WHERE DATENAME(dw,countdate) NOT IN ('Saturday',
'Sunday')
try using the clause witht the days to include - in tends to be a little bit faster than not in.

Also try table variables instead of temp tables. SOmetimes these are faster and sometimes #temp tables are faster, you should check to see which is best inthis case.

The distinct is hurting you as well. Is there a way to rewrite using a group by? Not sure if this would be faster but it's worth a try.

Adding the index should help as well.

A date lookup table with the day of the week for each date might help. Then you could join to that instead of making the query look up the day of every date in the table. An annual job to populate the next entire year could be scheduled to add the next year's dates sometime in Dec.



Questions about posting. See faq183-874
 
Can you tell us anything about the table sizes and indexes?

If you look at the execution plan is there a particular hot spot?

You could change the IF..ELSE to just an IF and DELETE from #Temp to remove Weekends if needed and then you'd only have one query (which may or may not help the execution plan).

Also, hard to say without knowing anything about the data, but you might try removing the correlated sub-query and just writing it as a join.
 
The table in question has no indexing at present, and for example, a given site could have anywhere from a few hundred to a few hundred thousand users logging in and out of the system. Each session creates a record with login and logout times. As you can imagine, the table can get pretty huge.
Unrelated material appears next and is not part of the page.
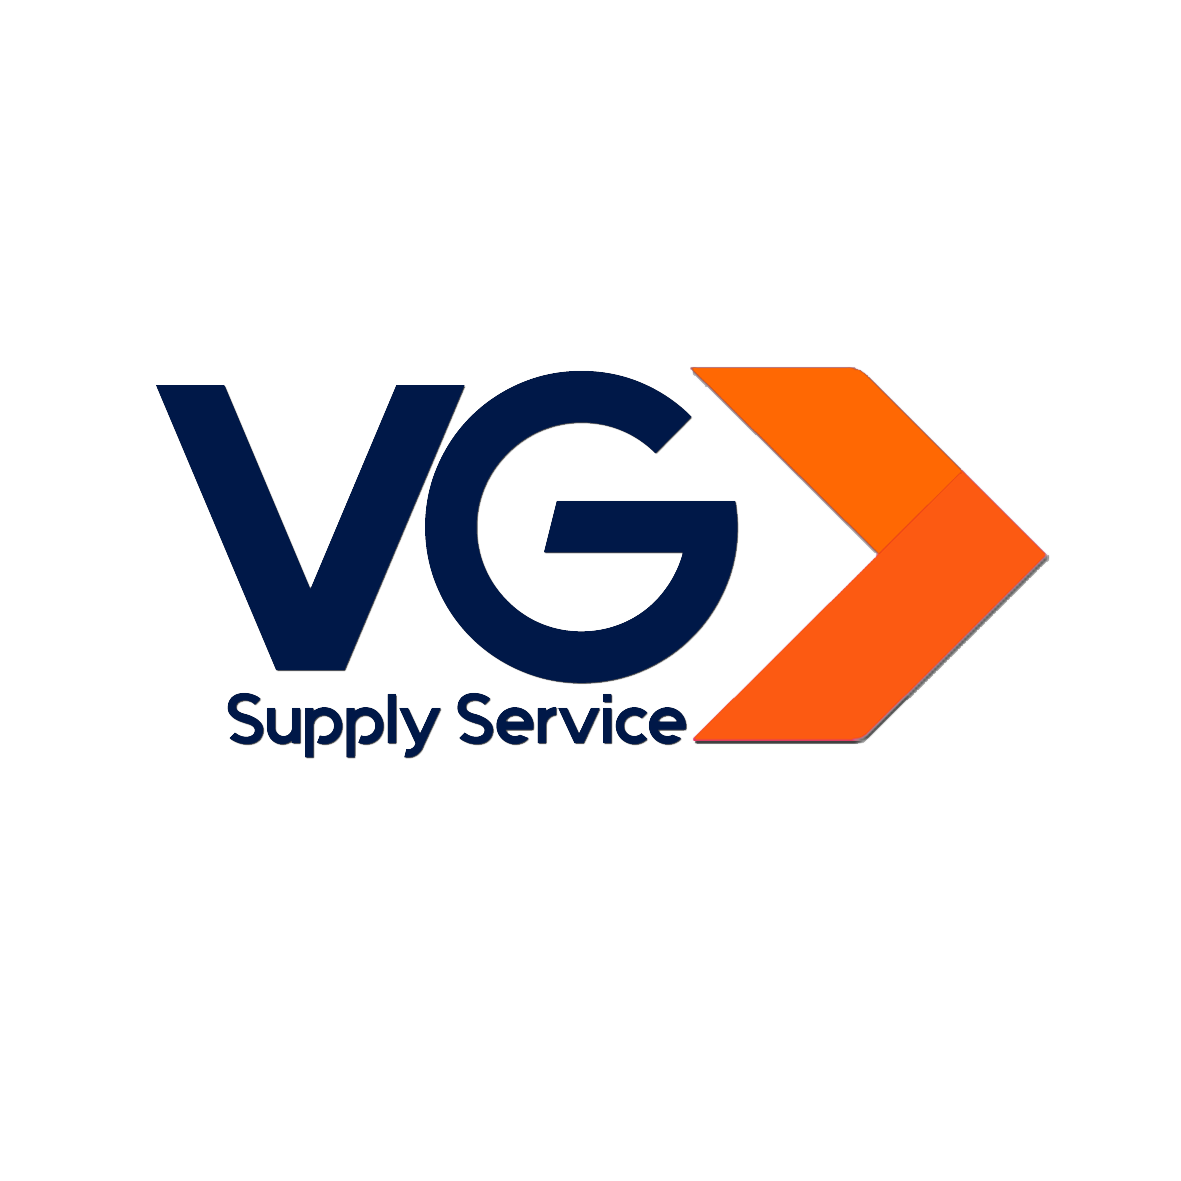 VG Supply Service

I'm going to be starting discussions (I'm the new guy here, so....) on indexing the table, but figured I'd see what I can tweak out of the sproc first.
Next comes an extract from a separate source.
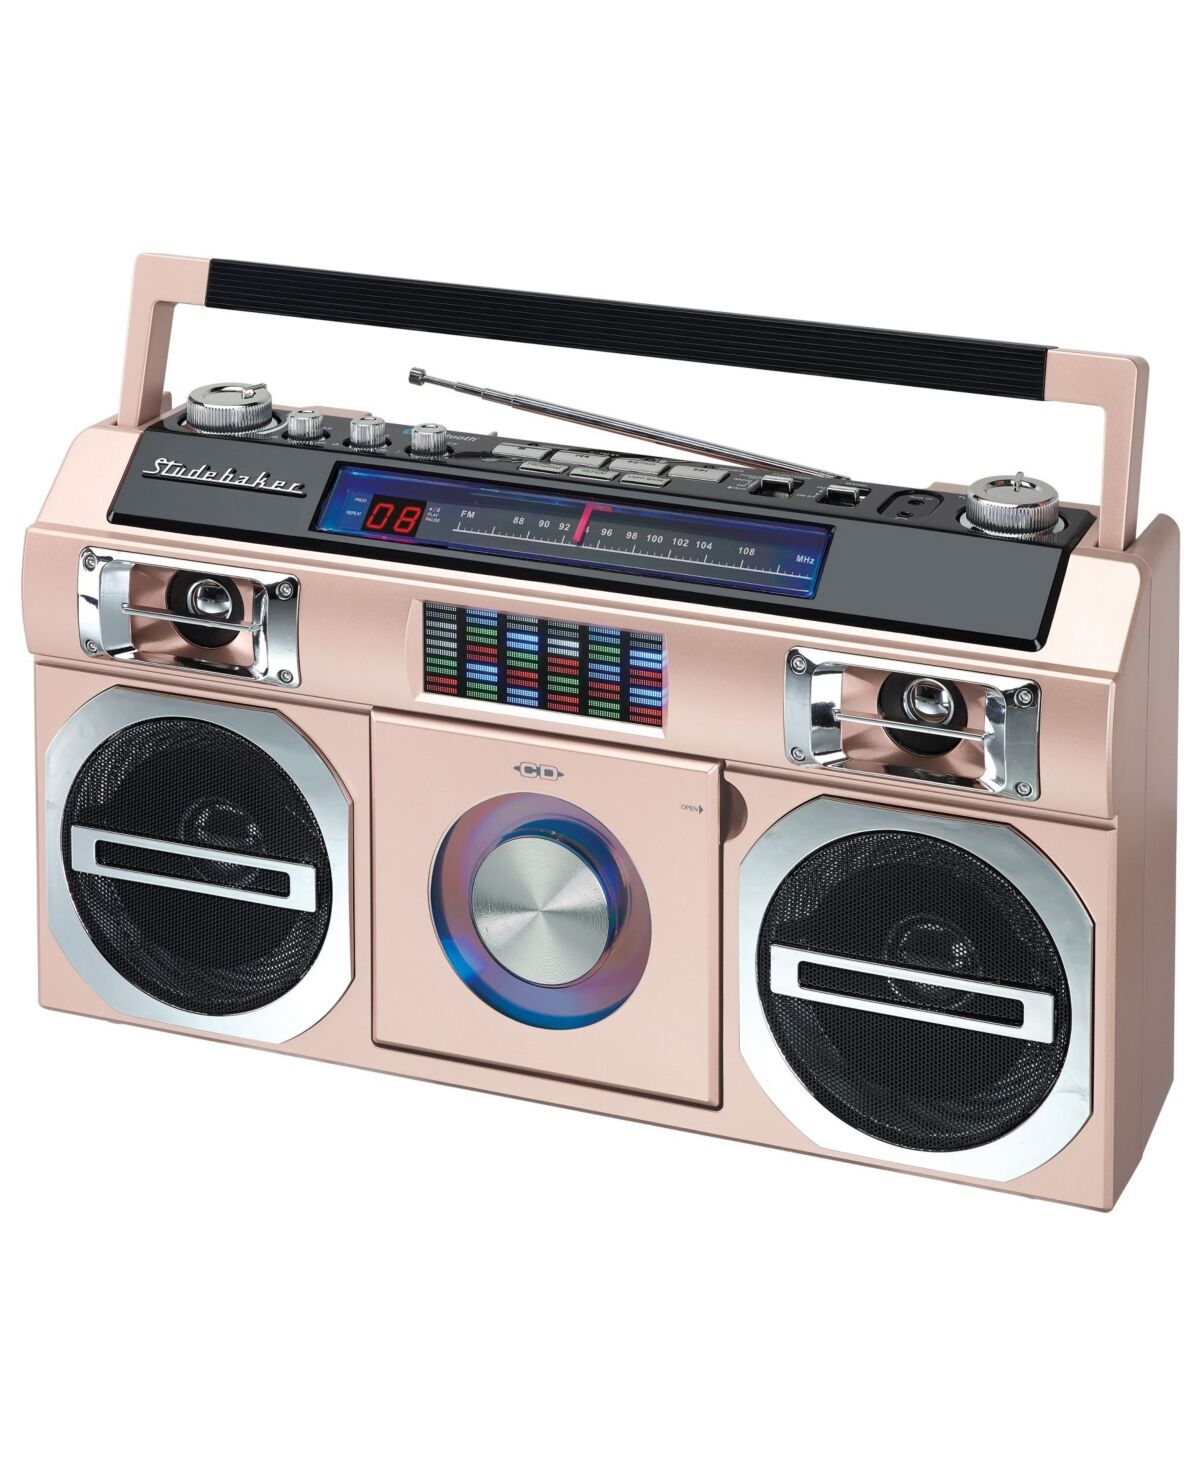 Studebaker SB2145RG 80's Retro Street Bluetooth Boombox with Fm Radio, Cd Player - Rose Gold

Also, is it possible to view an execution plan with temp tables? When I try I get an error about invalid object name #TmpEmps.

 
I can in 2005. I can't remember if there is any issue with 2000, but I do not remember having one.
 
Ok, some more testing results show me that the biggest hangup is in the OR statement. If I run the query on either the LogonTime or LogoffTime individually, it returns in 8 seconds. Using the OR statement as above, it takes 1:20 to run.

Unfortunately, even though it's rare, in the case where a user crosses the interval, they need to appear on each.